EvSys
ConceptsPlugins

Inference clients

How evaluation and RL query a model to generate text.

An inference client is the thing that turns a prompt into generated text. Evaluators call it to produce predictions; RL rollouts call it to sample completions. The SDK ships clients for local HF models, Tinker, and the frontier APIs (Claude, OpenAI, Gemini). You make your own to wrap any model or endpoint behind the same one-method contract.

The contract

The contract is evsys_sdk.protocols.InferenceClient (a typing.Protocol). It declares one ClassVar and one method:

  • name: ClassVar[str] - the registry key / YAML kind.

  • generate(self, *, prompt: str, max_tokens: int = 256, temperature: float = 0.0, stop: list[str] | None = None) -> str

    • synchronously generate text and return it as a string. All arguments are keyword-only (note the leading *):
    • prompt - the input text to generate from.
    • max_tokens - cap on generated tokens (default 256).
    • temperature - sampling temperature; 0.0 (default) means greedy/deterministic.
    • stop - optional list of stop strings; generation is truncated at the first one that appears (None = no stop strings).

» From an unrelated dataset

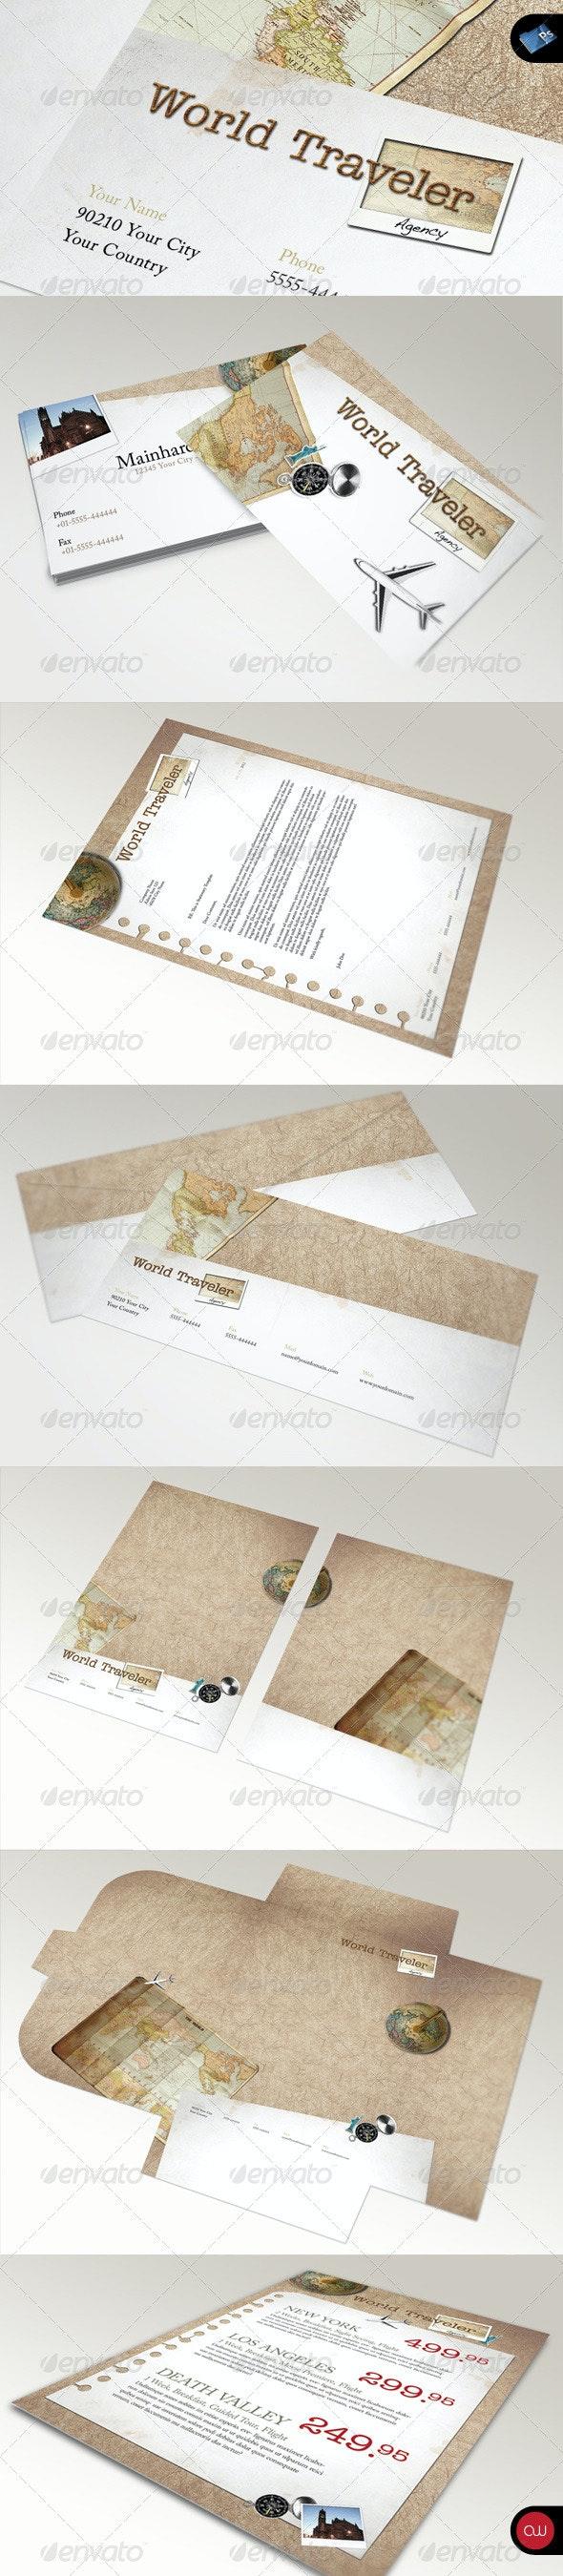 Retro Stationary Template - Vol.1 - Stationery Print Templates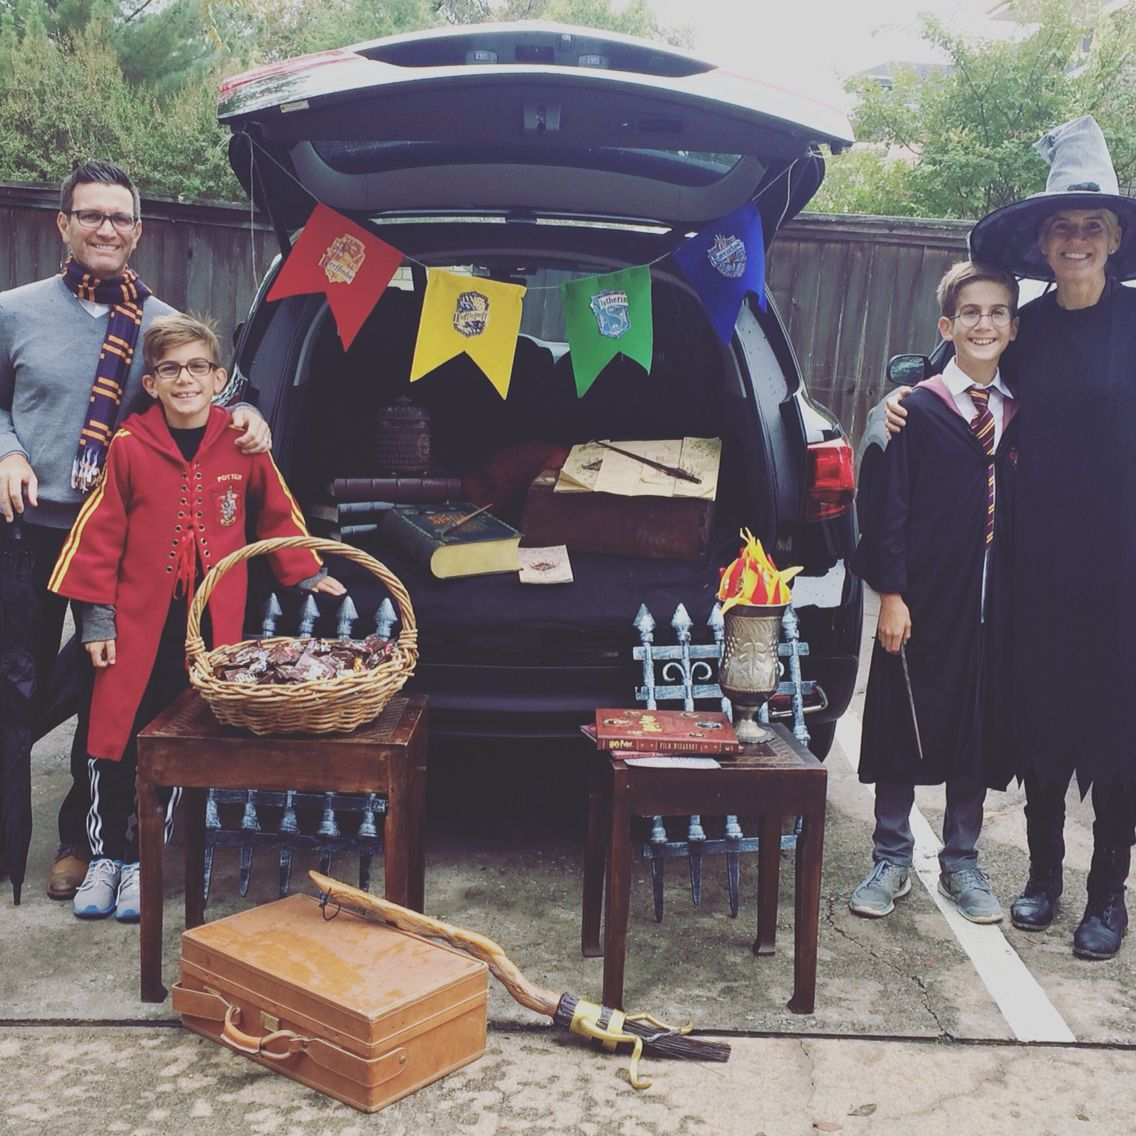 Trunk Halloween Decorating Ideas: Harry Potter Trunk Or Treat

    The return is the generated completion as a plain str.

Use a built-in

benchmark:
  inference:
    kind: mock

Or a real API client:

benchmark:
  inference:
    kind: claude
    params:
      model: claude-sonnet-4-6
Built-inWhat it does / where it writes
mockMockInference (src/evsys_sdk/inference/mock.py). Returns a fixed template for every call (the {prompt} placeholder is filled in), honoring stop. Deterministic; for tests. Default template is <think>mock thinking</think>\n<answer>MOCK_ANSWER</answer>.
localLocalInference (src/evsys_sdk/inference/local.py). Generates from a local HuggingFace causal LM (transformers/torch). Params: model_name, optional adapter_path (PEFT/LoRA), dtype (bfloat16/float16/float32), device. Sampling on when temperature > 0.
tinkerTinkerInference (src/evsys_sdk/inference/tinker.py). Generates via the Tinker sampling client. Optional dep - registers only if tinker is importable.
claudeClaudeInference (src/evsys_sdk/inference/claude.py). Anthropic Messages API; needs the anthropic package and an API key from ANTHROPIC_API_KEY (env var name configurable). Sends prompt as one user message; optional system_prompt. Params include model, base_url, default_max_tokens, timeout_s, extra_headers.
openaiOpenAIInference (src/evsys_sdk/inference/openai.py). OpenAI Chat Completions; needs openai and OPENAI_API_KEY. base_url can point at any compatible endpoint (vLLM, Together). Params: model, organization, system_prompt, timeout_s.
geminiGeminiInference (src/evsys_sdk/inference/gemini.py). Google google-genai SDK; key from GEMINI_API_KEY (falls back to GOOGLE_API_KEY). Params: model, system_instruction.
chat_templatedChatTemplatedInference (src/evsys_sdk/inference/chat_templated.py). A wrapper, not a standalone client: it rebuilds a (system + user) chat template around the raw prompt before forwarding to a base client, so eval-time inputs match the chat-templated distribution a model was SFT'd on. Requires the base client to expose a _tokenizer. Not registered as a kind.

Create your own

Implement generate with the exact keyword-only signature, carry name + Config (extra="forbid"), and decorate with @register_inference("<name>"):

from typing import ClassVar
from pydantic import BaseModel, ConfigDict
from evsys_sdk.registry import register_inference


class EchoInferenceConfig(BaseModel):
    model_config = ConfigDict(extra="forbid")
    prefix: str = ""


@register_inference("echo")
class EchoInference:
    name: ClassVar[str] = "echo"             # the YAML `kind`
    Config: ClassVar[type] = EchoInferenceConfig

    def __init__(self, *, prefix: str = "") -> None:
        self.prefix = prefix

    def generate(
        self,
        *,
        prompt: str,
        max_tokens: int = 256,
        temperature: float = 0.0,
        stop: list[str] | None = None,
    ) -> str:
        out = (self.prefix + prompt)[:max_tokens]
        if stop:
            for s in stop:
                i = out.find(s)
                if i >= 0:
                    out = out[:i]
        return out

Then reference it by kind:

benchmark:
  inference:
    kind: echo
    params:
      prefix: "ECHO: "

Ship it in a package

Expose it as an entry point under the group evsys_sdk.inference in your package's pyproject.toml:

[project.entry-points."evsys_sdk.inference"]
echo = "my_pkg.inference:EchoInference"

On import evsys_sdk walks that group and runs your @register_inference decorator, so the kind is available from any project with no fork.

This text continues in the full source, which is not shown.